--- MATERIAL PROVIDED Enclosed Below ---
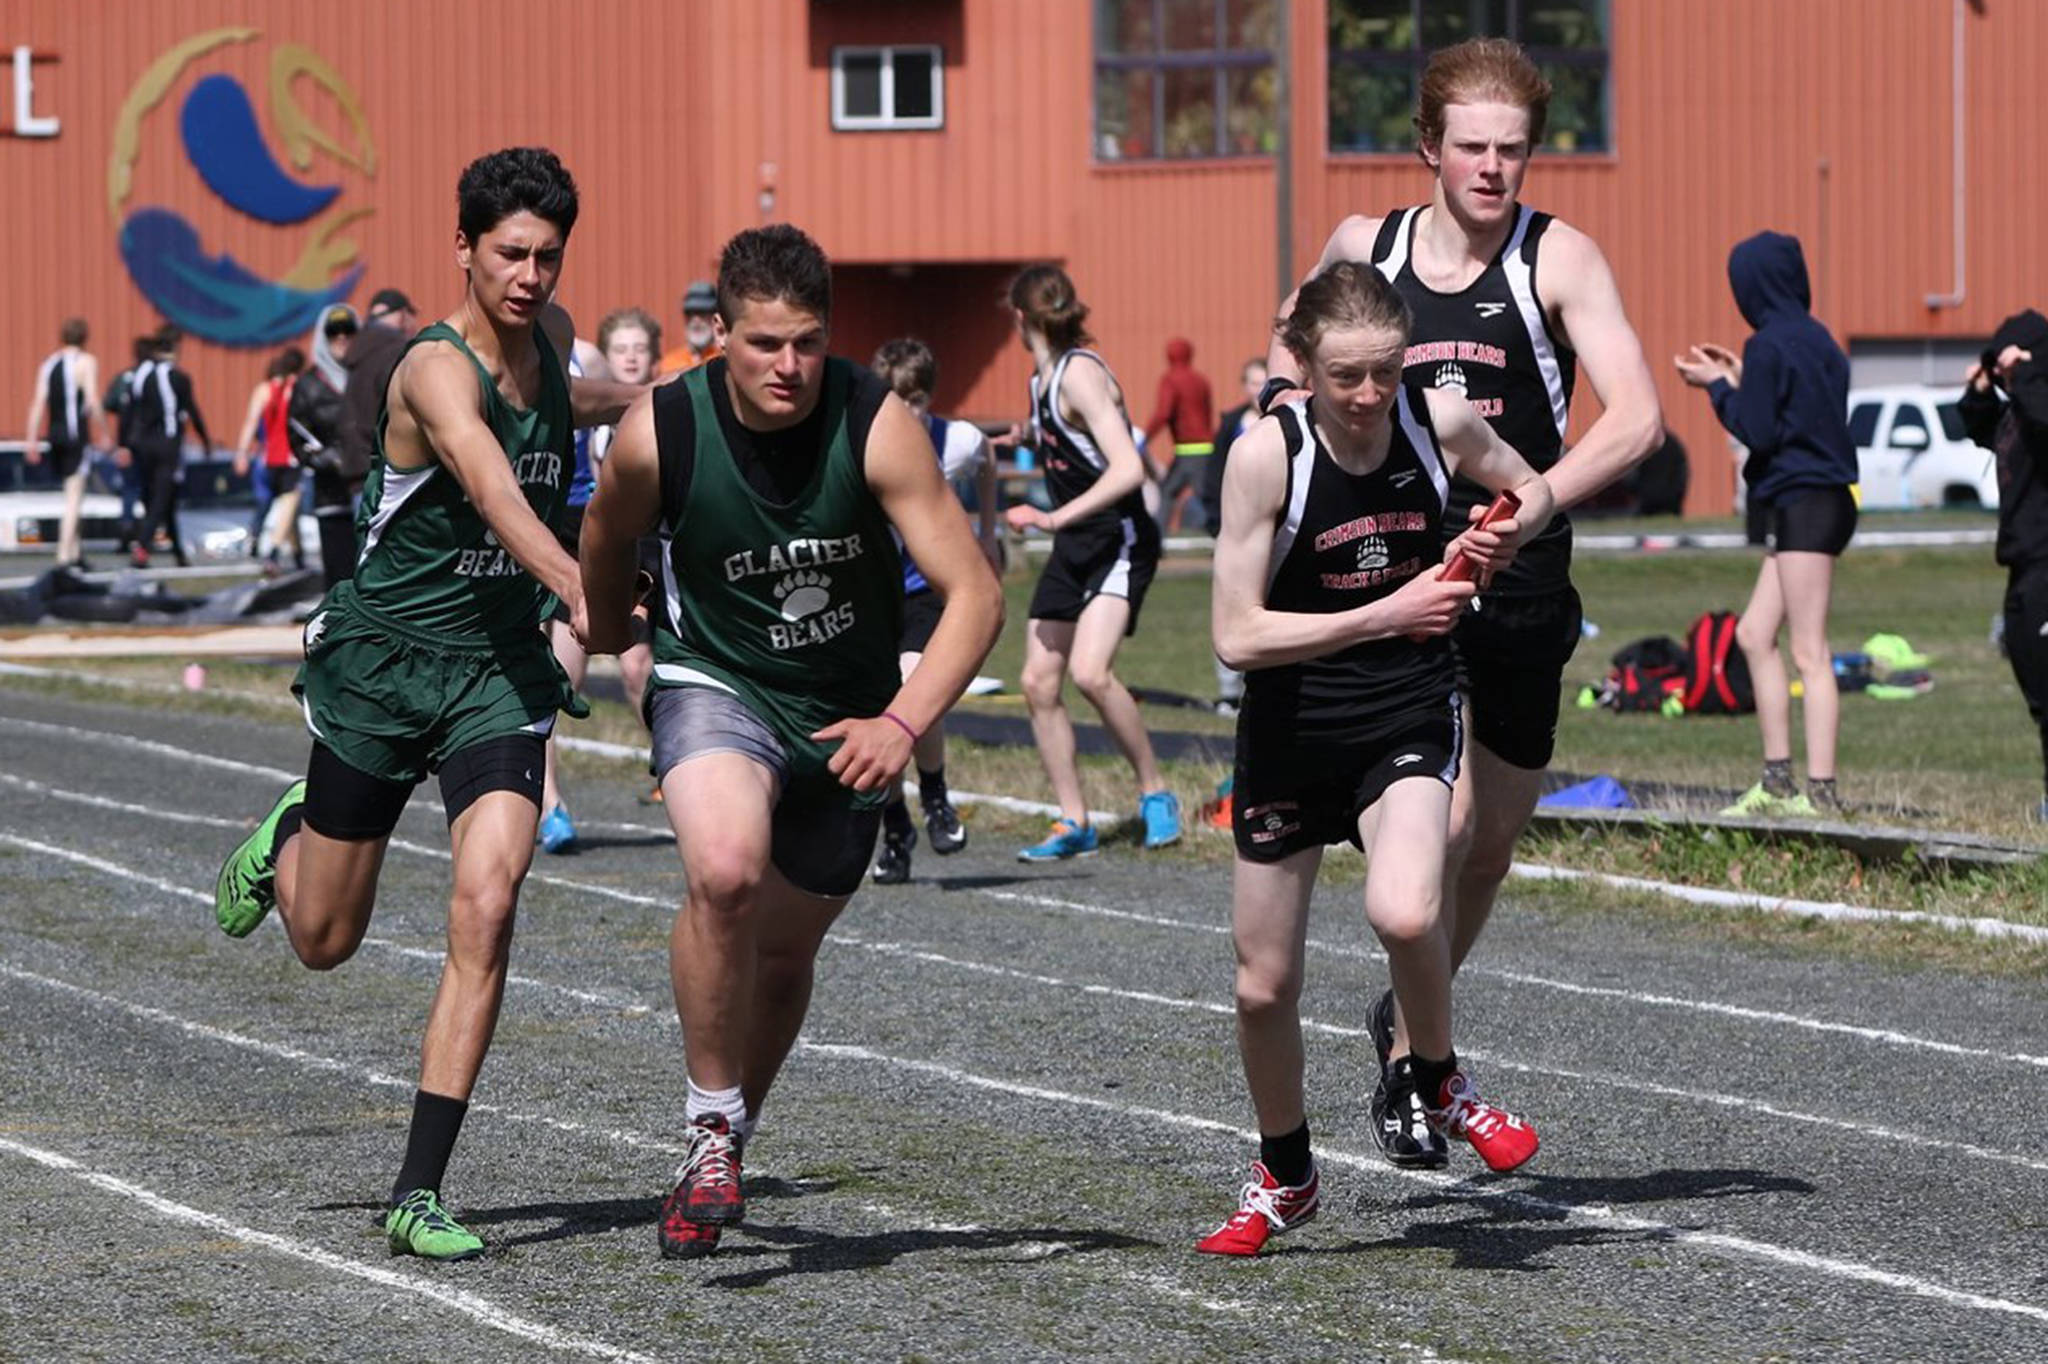 Juneau-Douglas High School’s Aaron Blust, right, accepts the baton from Owen Squires during a relay race at the Haines Invitational in Haines last weekend. (Courtesy Photo | Lori Giddings)
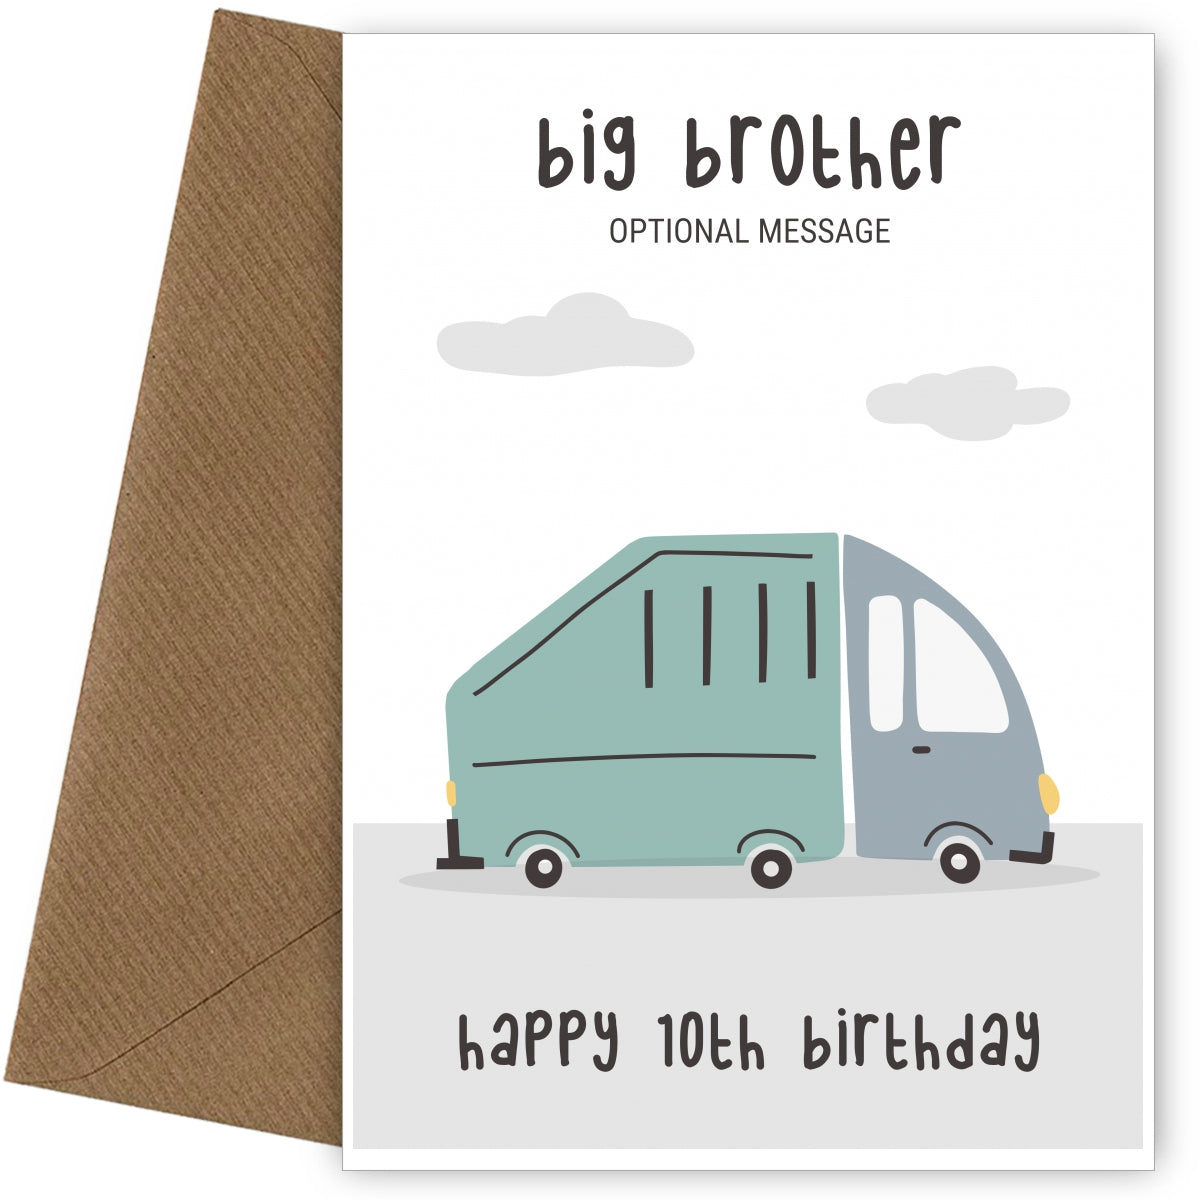 Fun Vehicles 10th Birthday Card for Big Brother - Garbage Truck
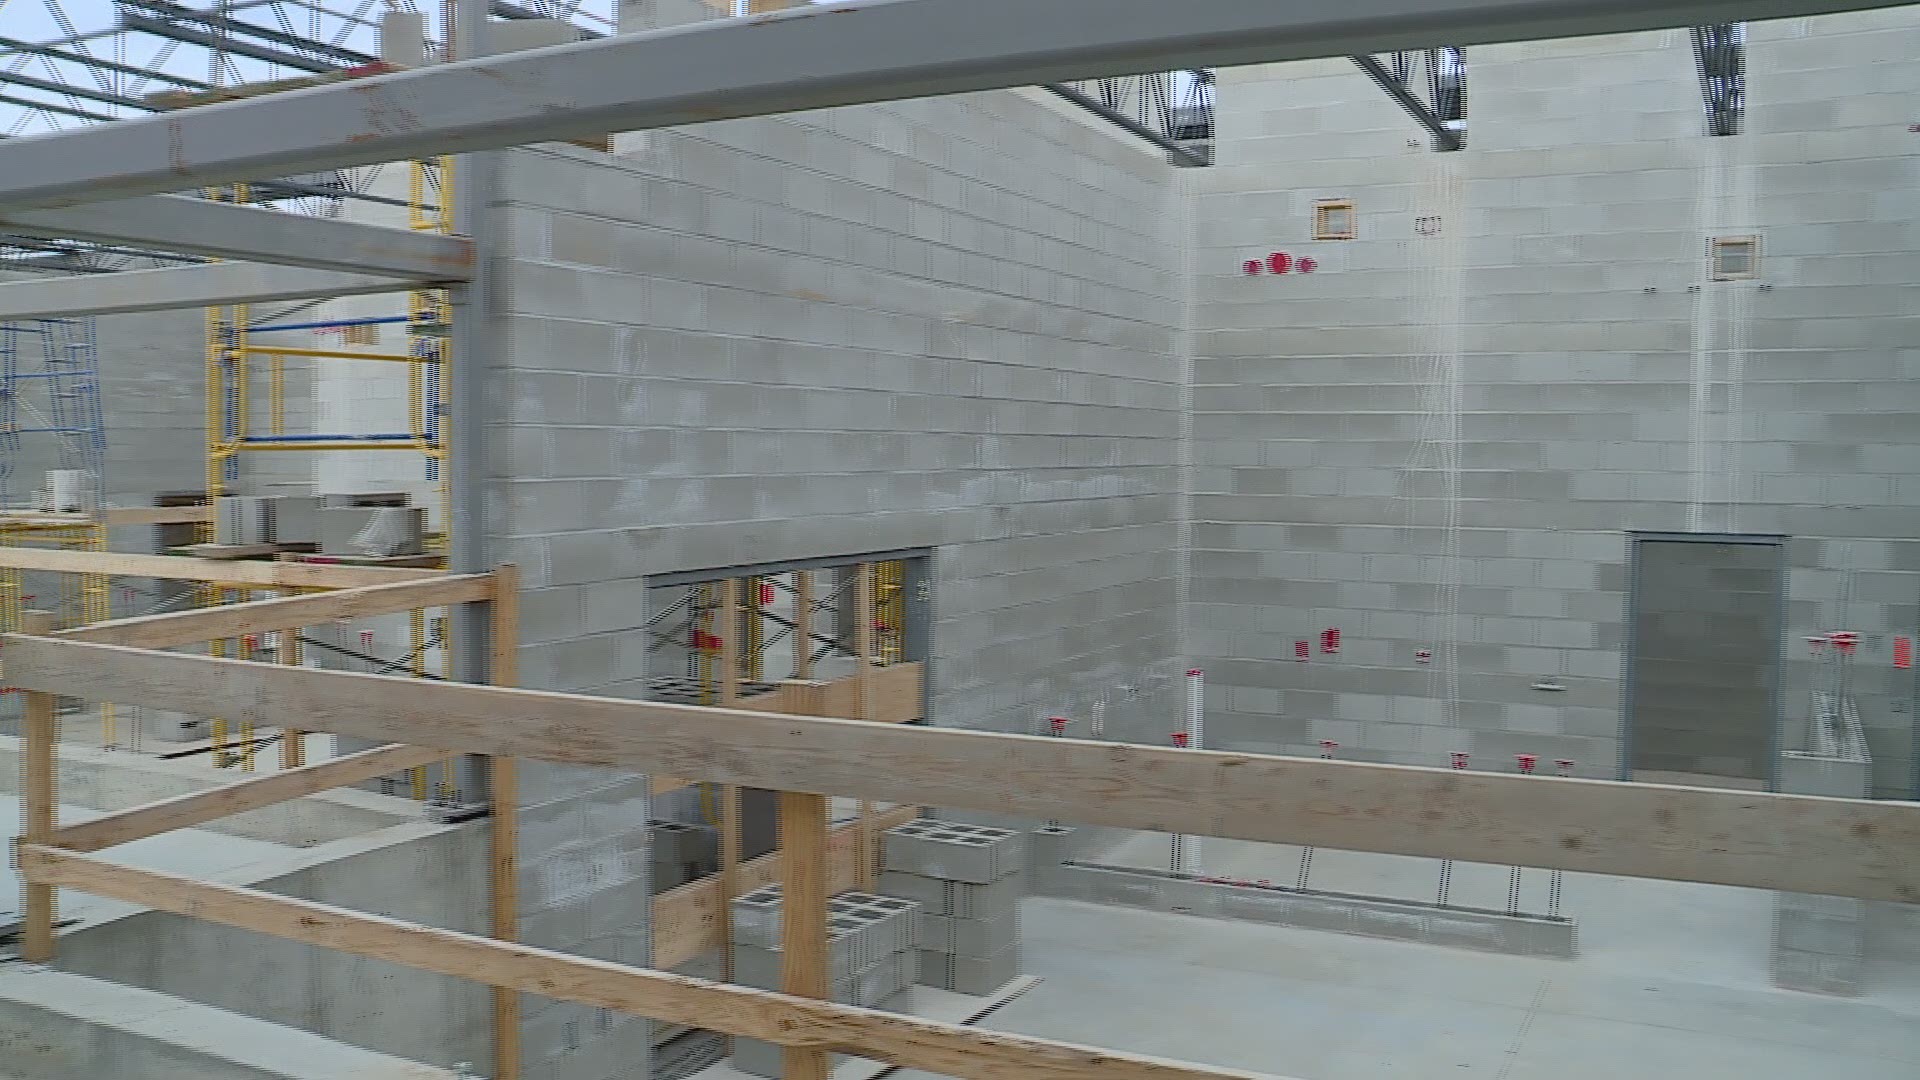 Construction on the Denver Zoo's new animal hospital is halfway complete.
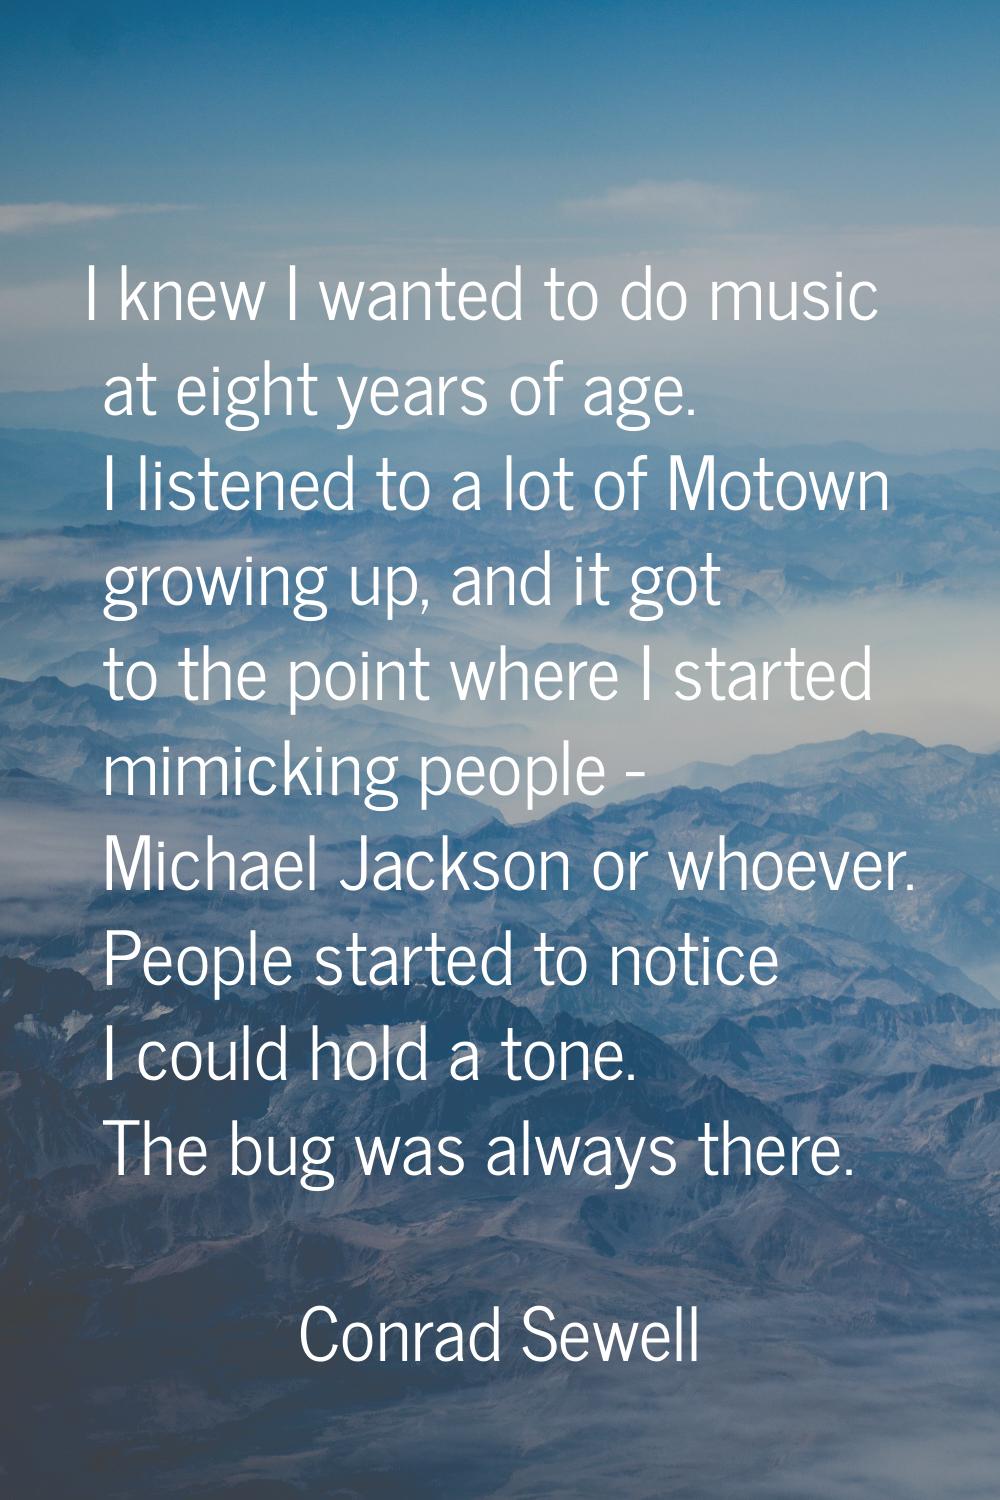 I knew I wanted to do music at eight years of age. I listened to a lot of Motown growing up, and it
--- End of Enclosed MATERIAL PROVIDED ---
TASK INSTRUCTIONS → Without the pictures, transcribe exactly the lines above from the one containing "Fun Vehicles 10th" through the last.

ANSWER TO THIS PROBLEM →
 Fun Vehicles 10th Birthday Card for Big Brother - Garbage Truck
 Construction on the Denver Zoo's new animal hospital is halfway complete.
 I knew I wanted to do music at eight years of age. I listened to a lot of Motown growing up, and it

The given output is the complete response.